Lors d’une visite en Norvège, … je me suis baigné dans un fjord d’Oslo par une splendide journée. Comme je n’aime pas l’eau froide, je l’ai tâtée du bout des pieds et l’ai trouvée trop froide à mon goût. Mais rendu honteux par la hardiesse toute viking de mon compagnon qui avait déjà plongé, je me raidis et plongeai à mon tour. Le froid fit éclater mon esprit, une agonie momentanée, mais ensuite, tandis que je nageai et que mon corps réglait sa température, l’eau devint délicieuse.

Nous avons tous peur de plonger. Nous trouvons des excuses pour éviter de rester assis, immobiles, et nous fuyons la venue du silence. Mais lorsque nous devenons vraiment silencieux, la vie s’ouvre dans une explosion d’une fraîcheur et d’une intensité qui sont l’énergie de la vie du Christ. Immédiatement, les craintes, les préjugés et les prisons construites par nos soins commencent à s’écrouler. On peut dire, comme Jésus, que l’on entre dans la chambre intérieure. Mais dès qu’on entre dans cette pièce, on découvre que l’on évolue dans un espace infini.

 

Après la méditation

Mère Teresa, La prière, fraîcheur d’une source, Bayard Culture, 2003, Collection Spiritualité.

Nous avons tous besoin de trouver Dieu, mais il ne se laisse découvrir ni dans le bruit ni dans l’agitation… Plus nous recevons dans une prière silencieuse, plus nous pouvons donner dans notre vie active. Le silence nous donne un regard neuf sur toutes choses.

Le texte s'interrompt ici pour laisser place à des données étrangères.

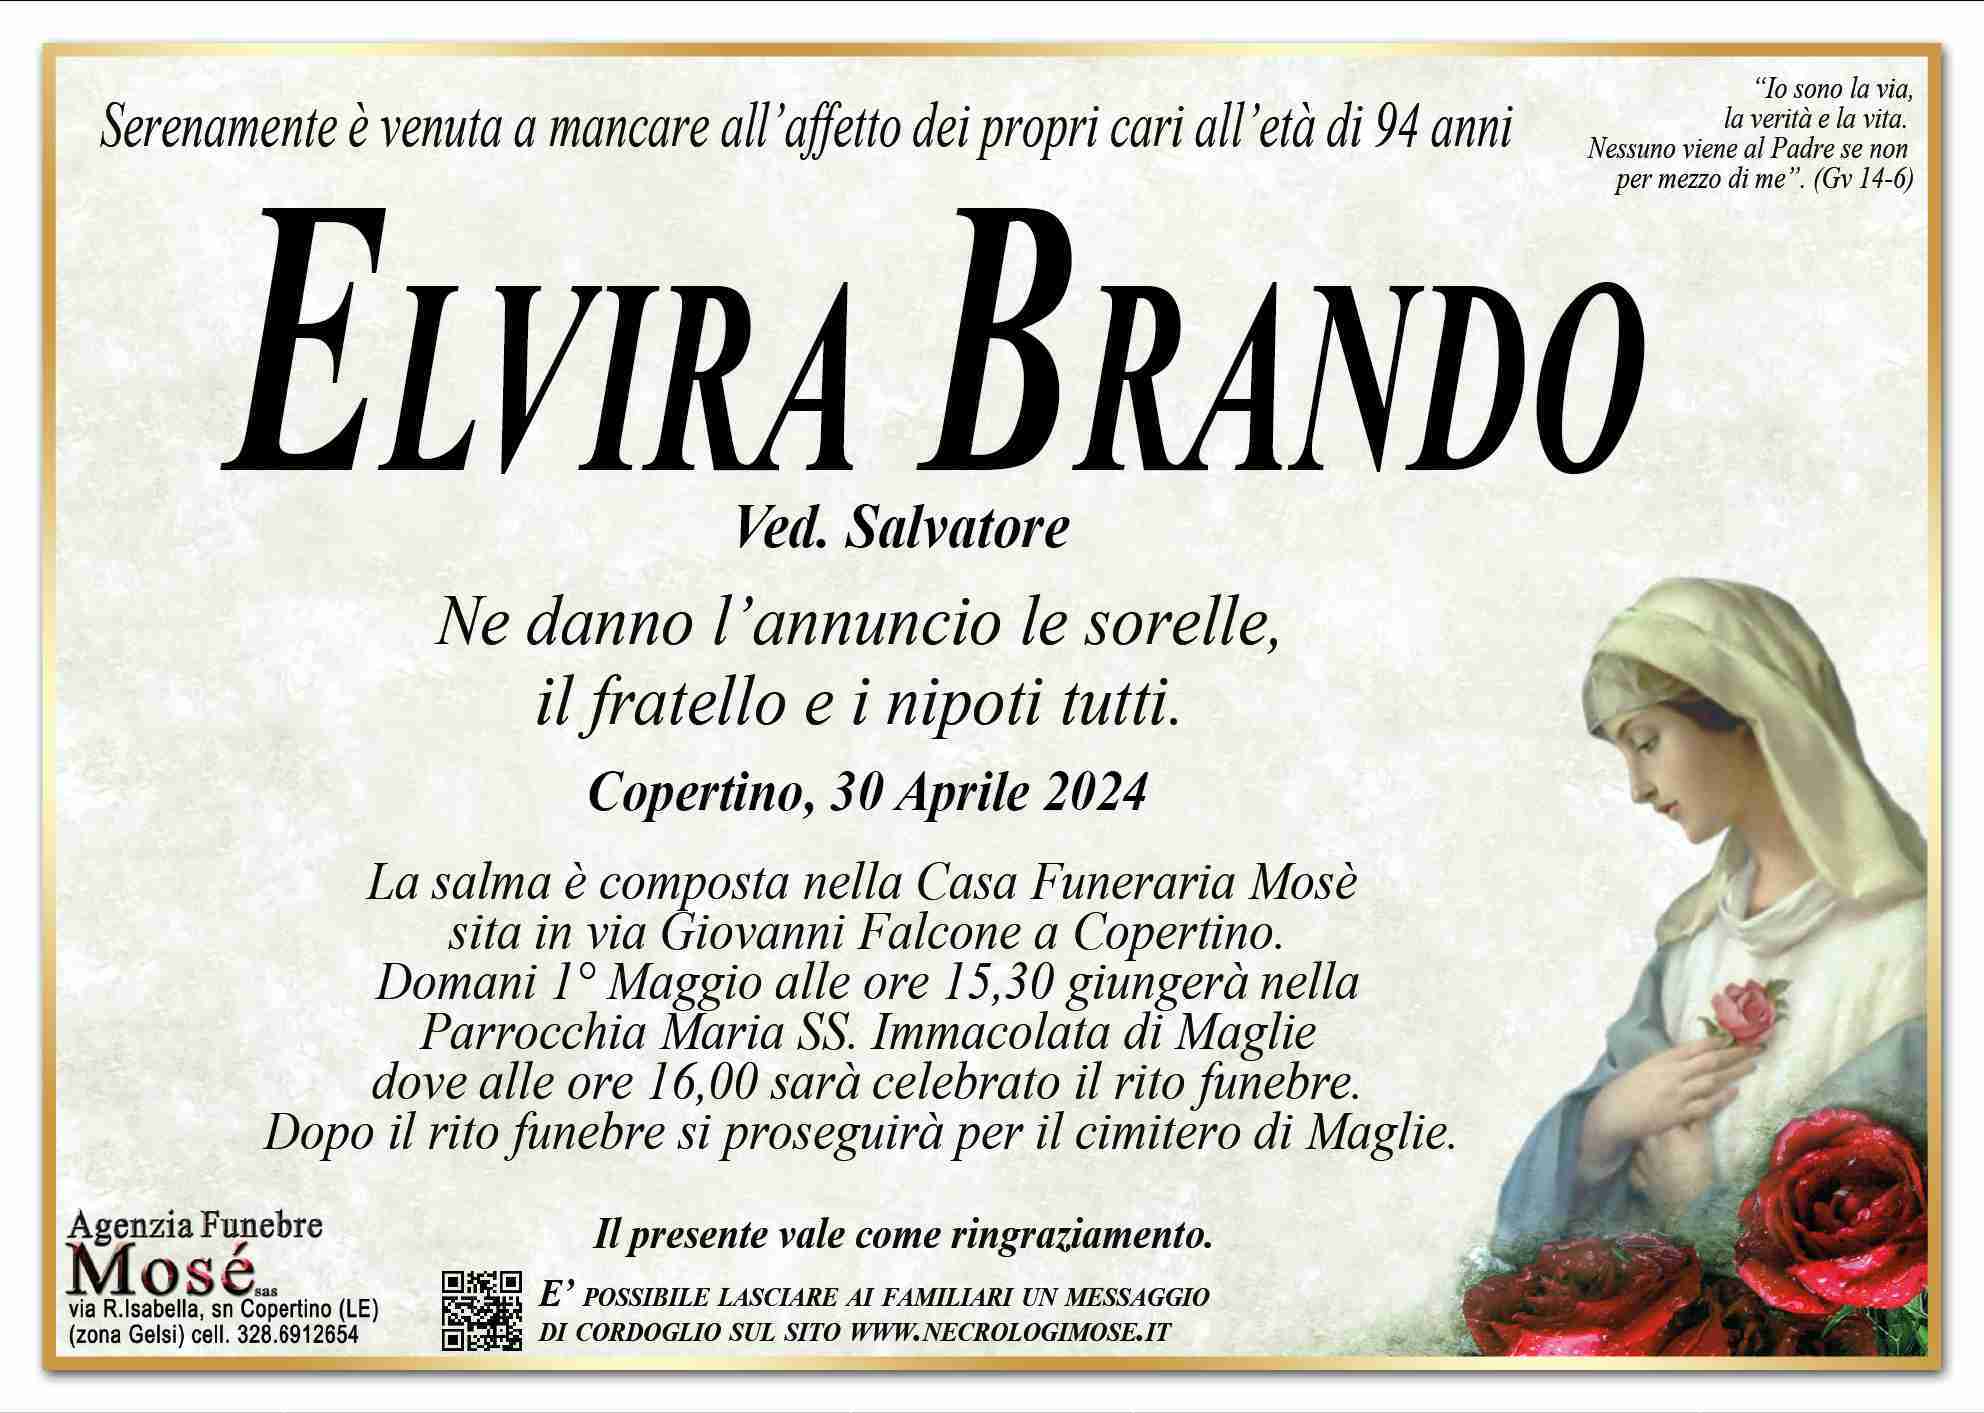 Elvira Brando

Nous avons besoin de ce silence afin de toucher les âmes. L’essentiel n’est pas dans ce que nous disons, mais dans ce que Dieu nous dit et dans ce qu’il transmet par notre intermédiaire. C’est en silence que toujours Jésus nous attend. Dans ce silence, il nous écoutera, c’est là qu’il parlera à nos âmes et c’est là que nous entendrons sa voix. Dans ce silence, nous trouverons une énergie nouvelle et une véritable unité. L’énergie de Dieu sera nôtre pour bien accomplir toutes choses dans l’unité de nos pensées avec les siennes, l’unité de nos prières avec les siennes, l’unité de nos actions avec les siennes, de notre vie avec la sienne.